Output all of the data exactly, keeping any images out of the copy.
[Given information Boundary: Start]
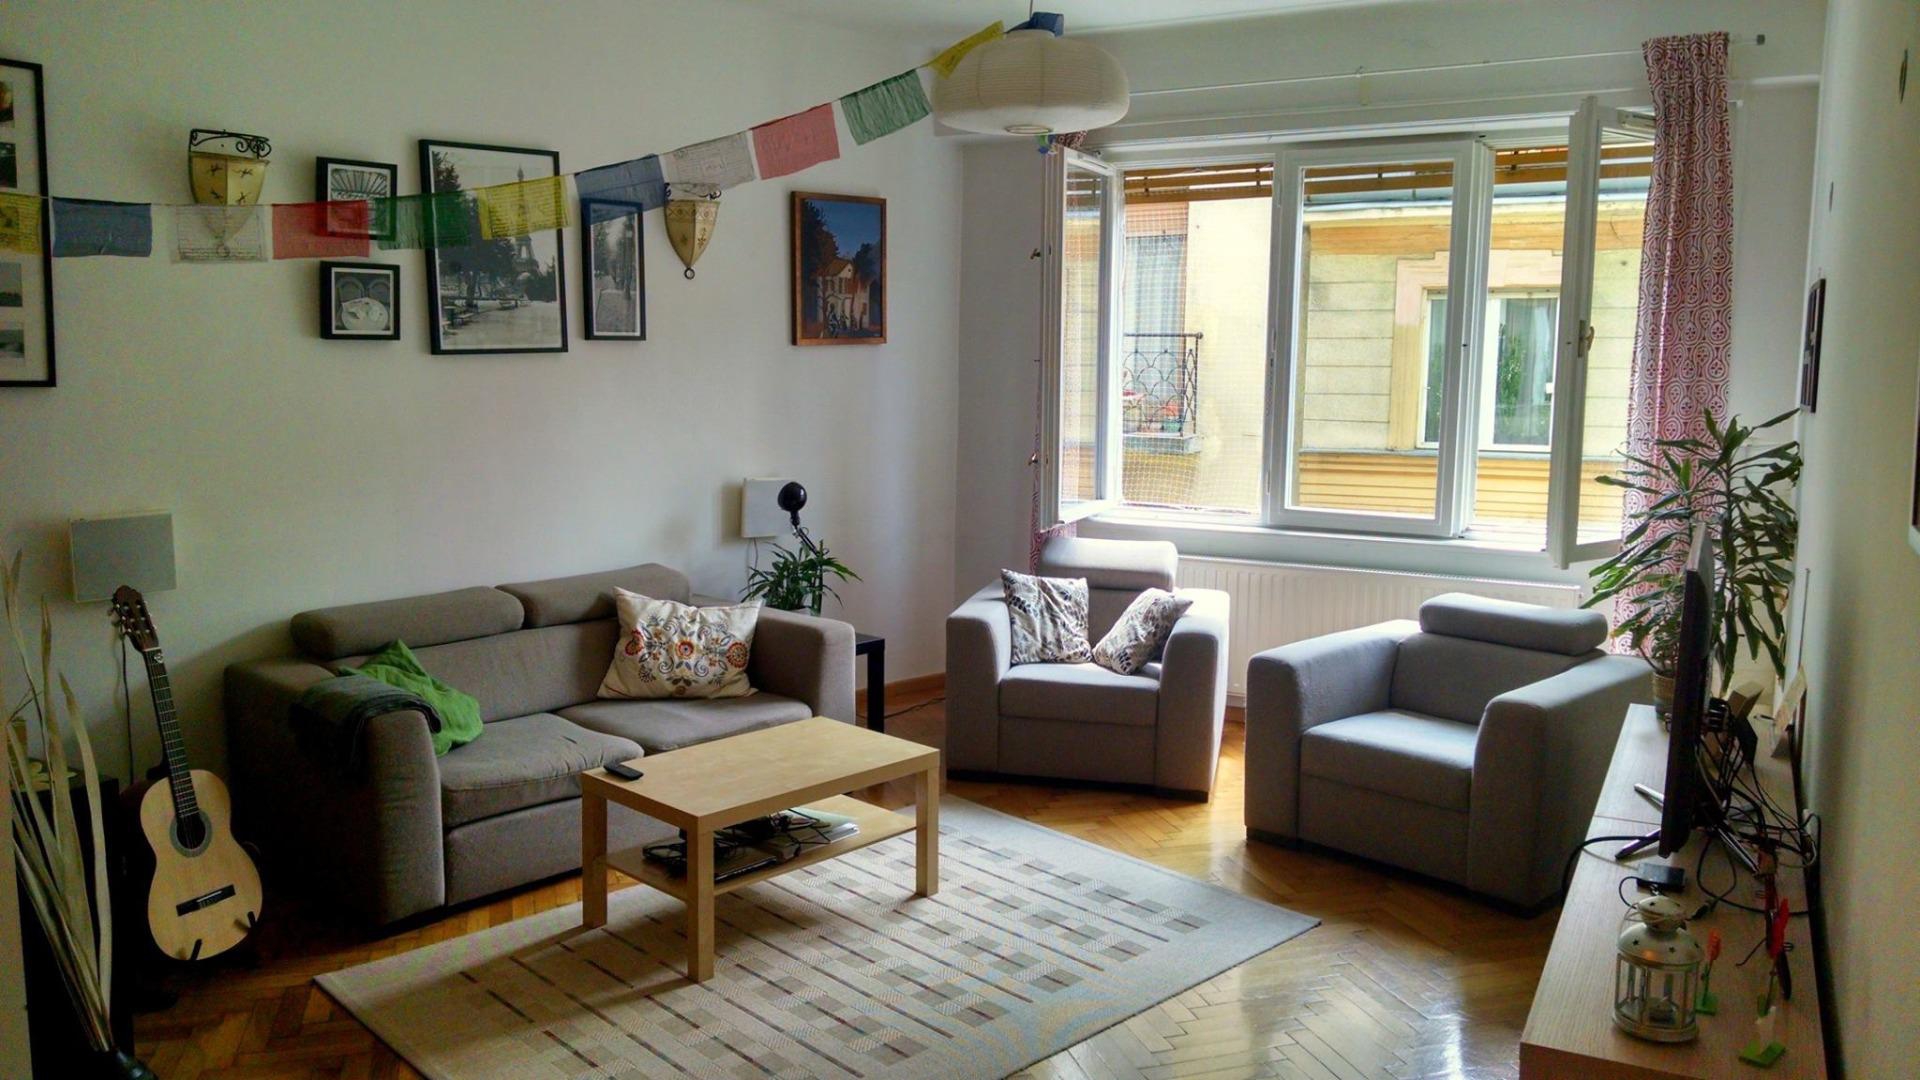 Lakást bérelnél Budapesten? Összegyűjtöttük a legfrissebb ajánlatokat!
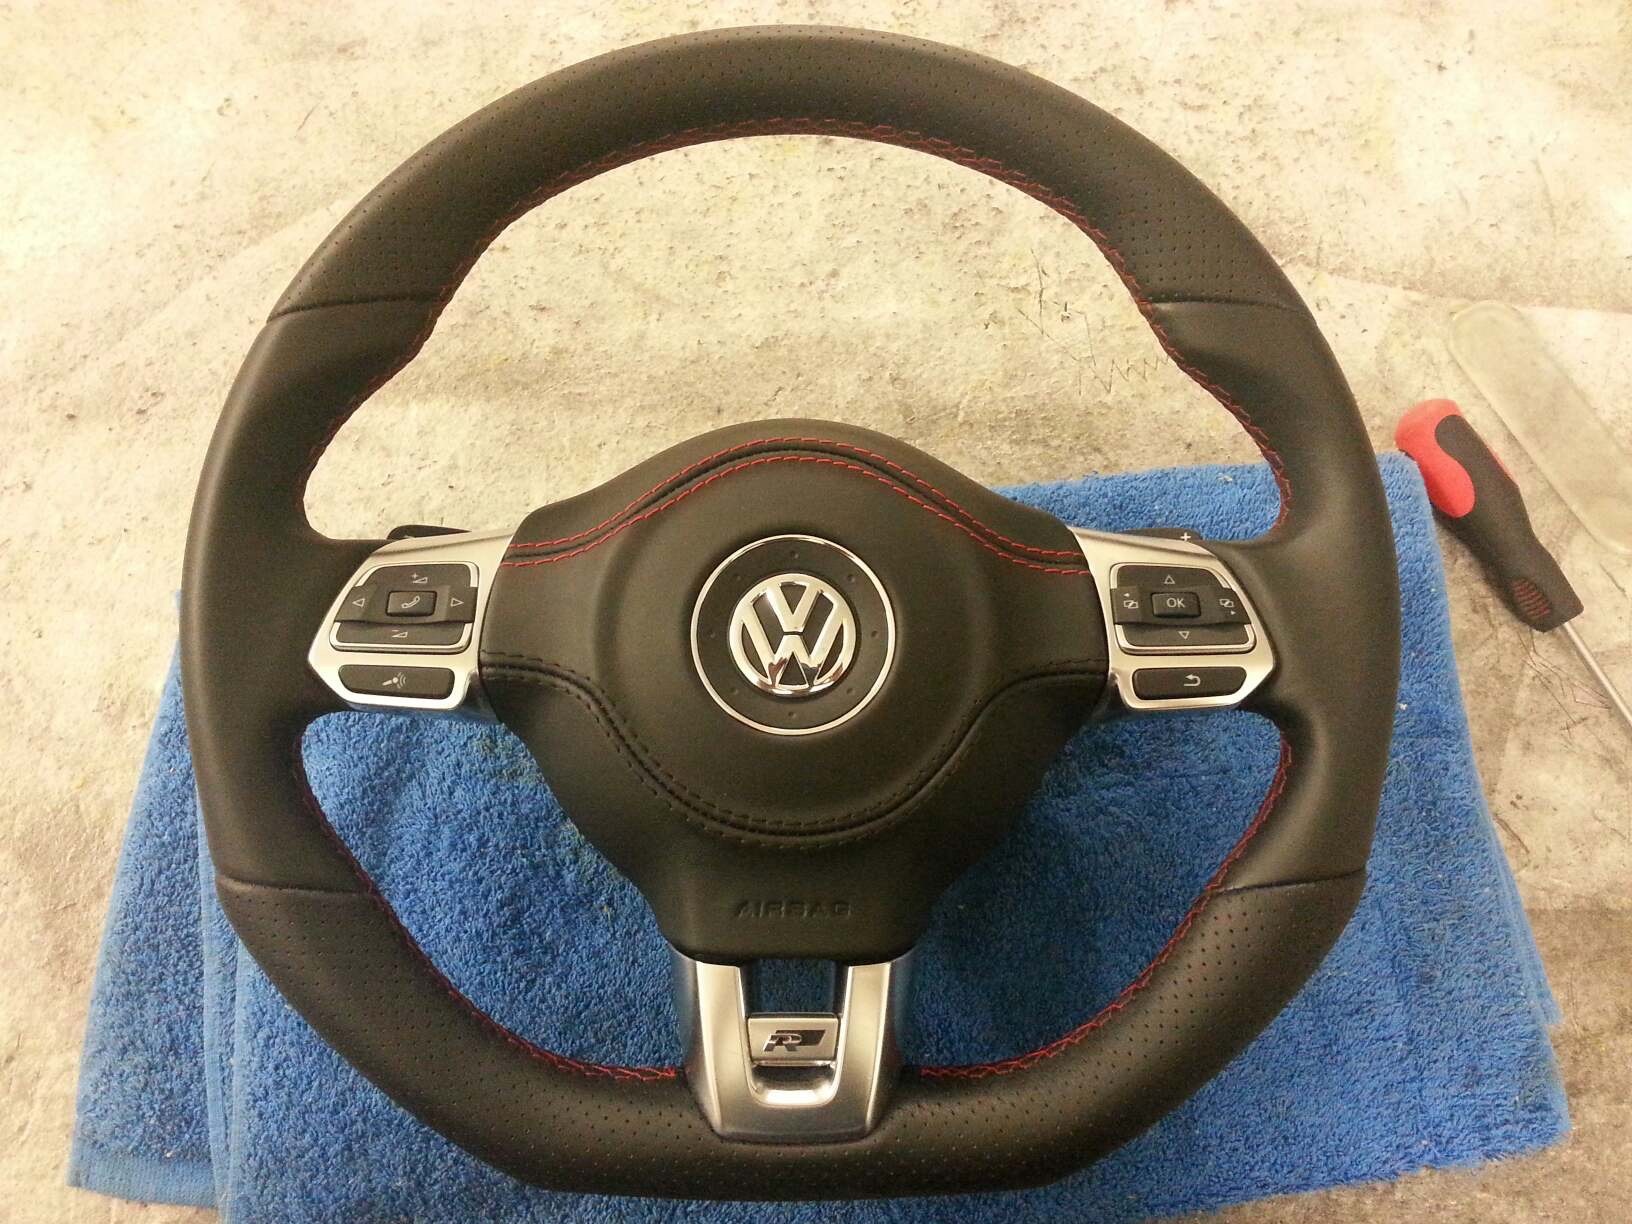 Рулевая подушка безопасности. Руль Фольксваген Пассат б6. Руль Фольксваген Пассат б7. Volkswagen Passat руль 2013 airbag. Passat b6 airbag.
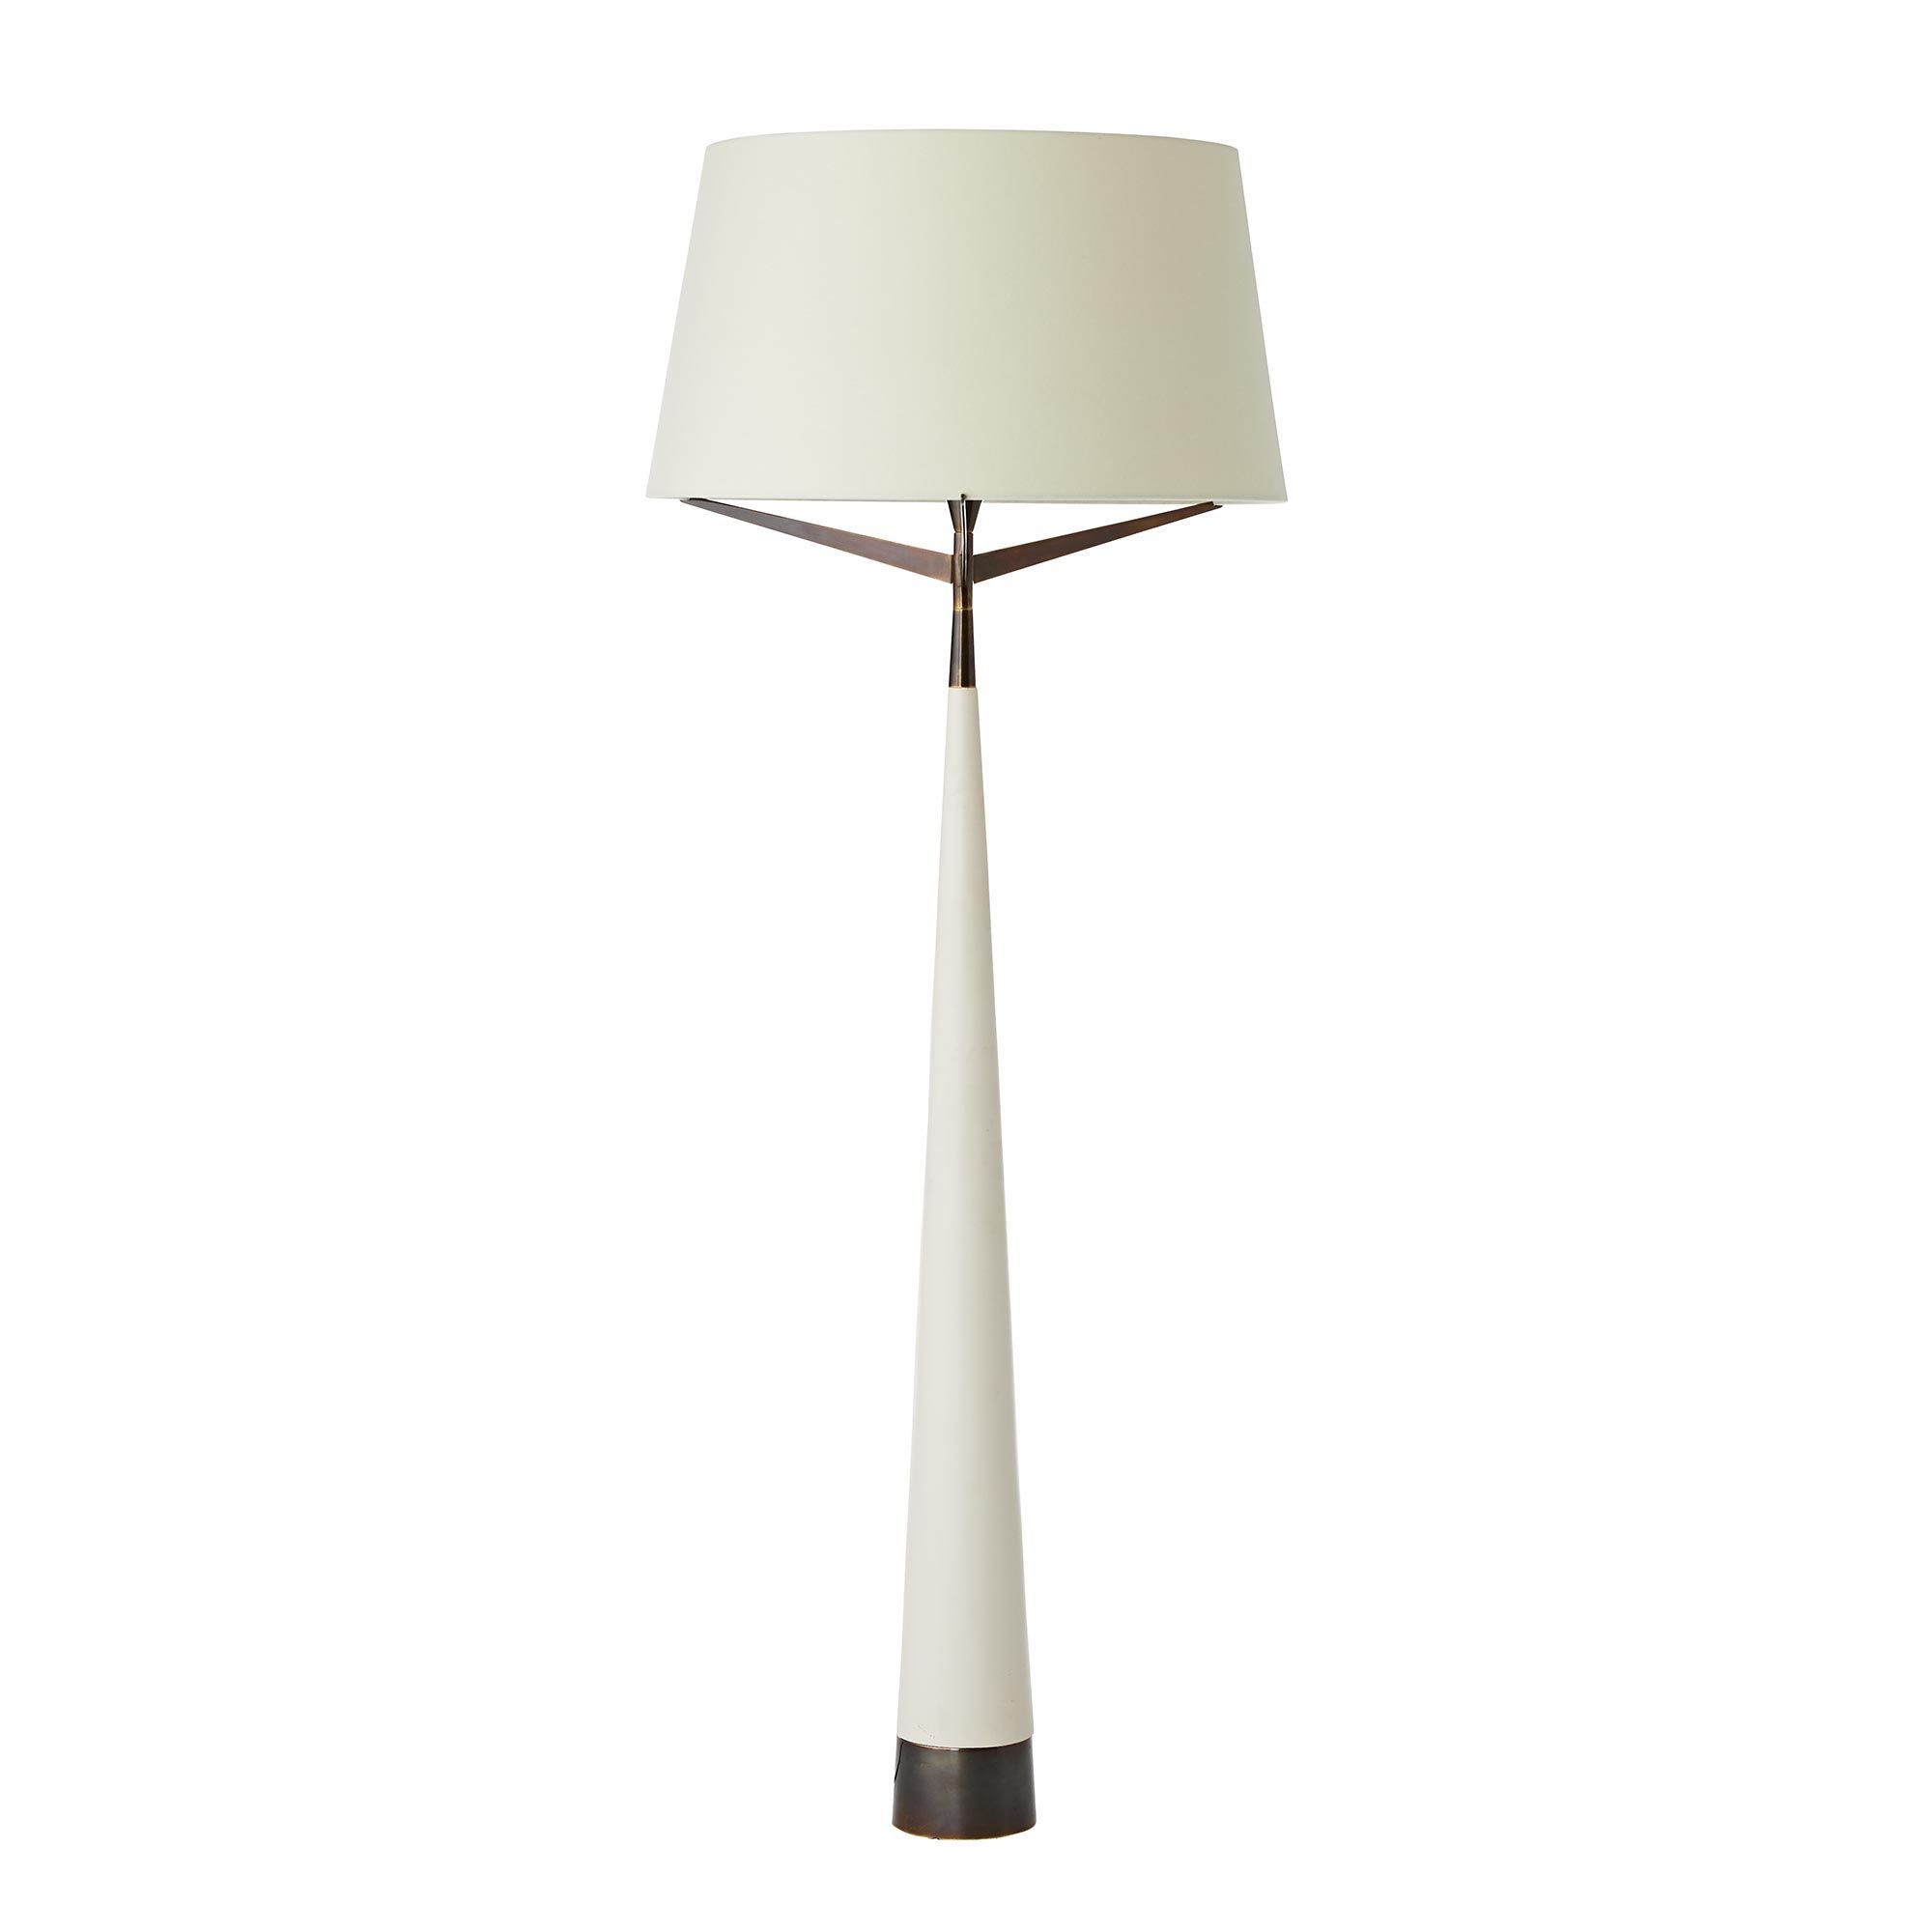 79160 401 – Elden Floor Lamp – Ivory Resin, Heritage Brass Regarding Cone Floor Lamps (View 12 of 20)
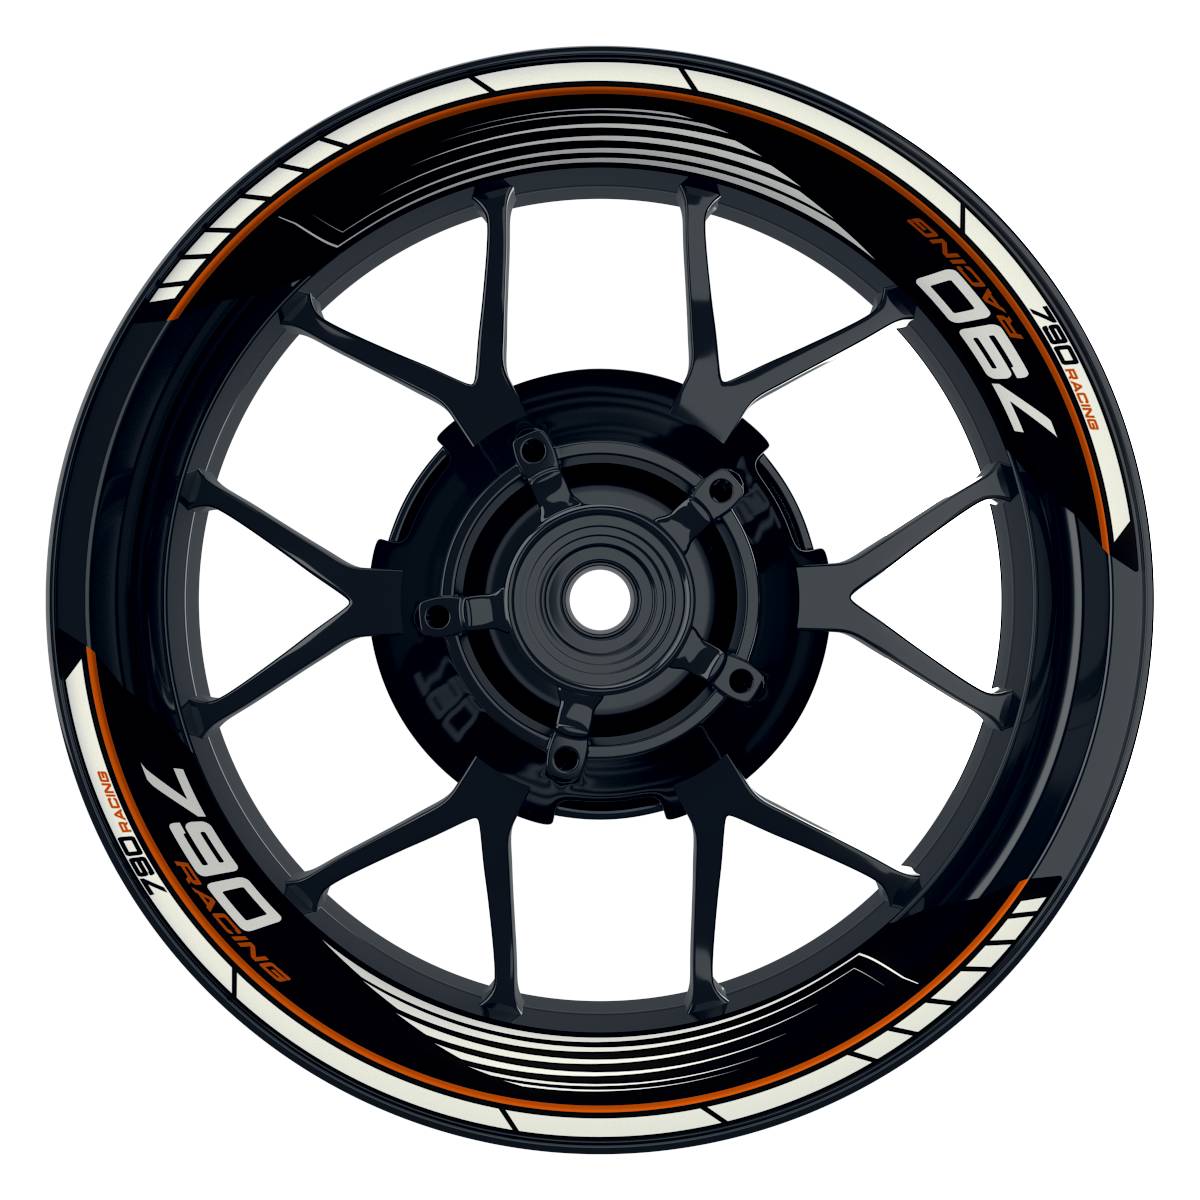 KTM Racing 790 SAW schwarz orange Frontansicht
[Given information Boundary: End]
Result of the task —
 Lakást bérelnél Budapesten? Összegyűjtöttük a legfrissebb ajánlatokat!
 Рулевая подушка безопасности. Руль Фольксваген Пассат б6. Руль Фольксваген Пассат б7. Volkswagen Passat руль 2013 airbag. Passat b6 airbag.
 79160 401 – Elden Floor Lamp – Ivory Resin, Heritage Brass Regarding Cone Floor Lamps (View 12 of 20)
 KTM Racing 790 SAW schwarz orange Frontansicht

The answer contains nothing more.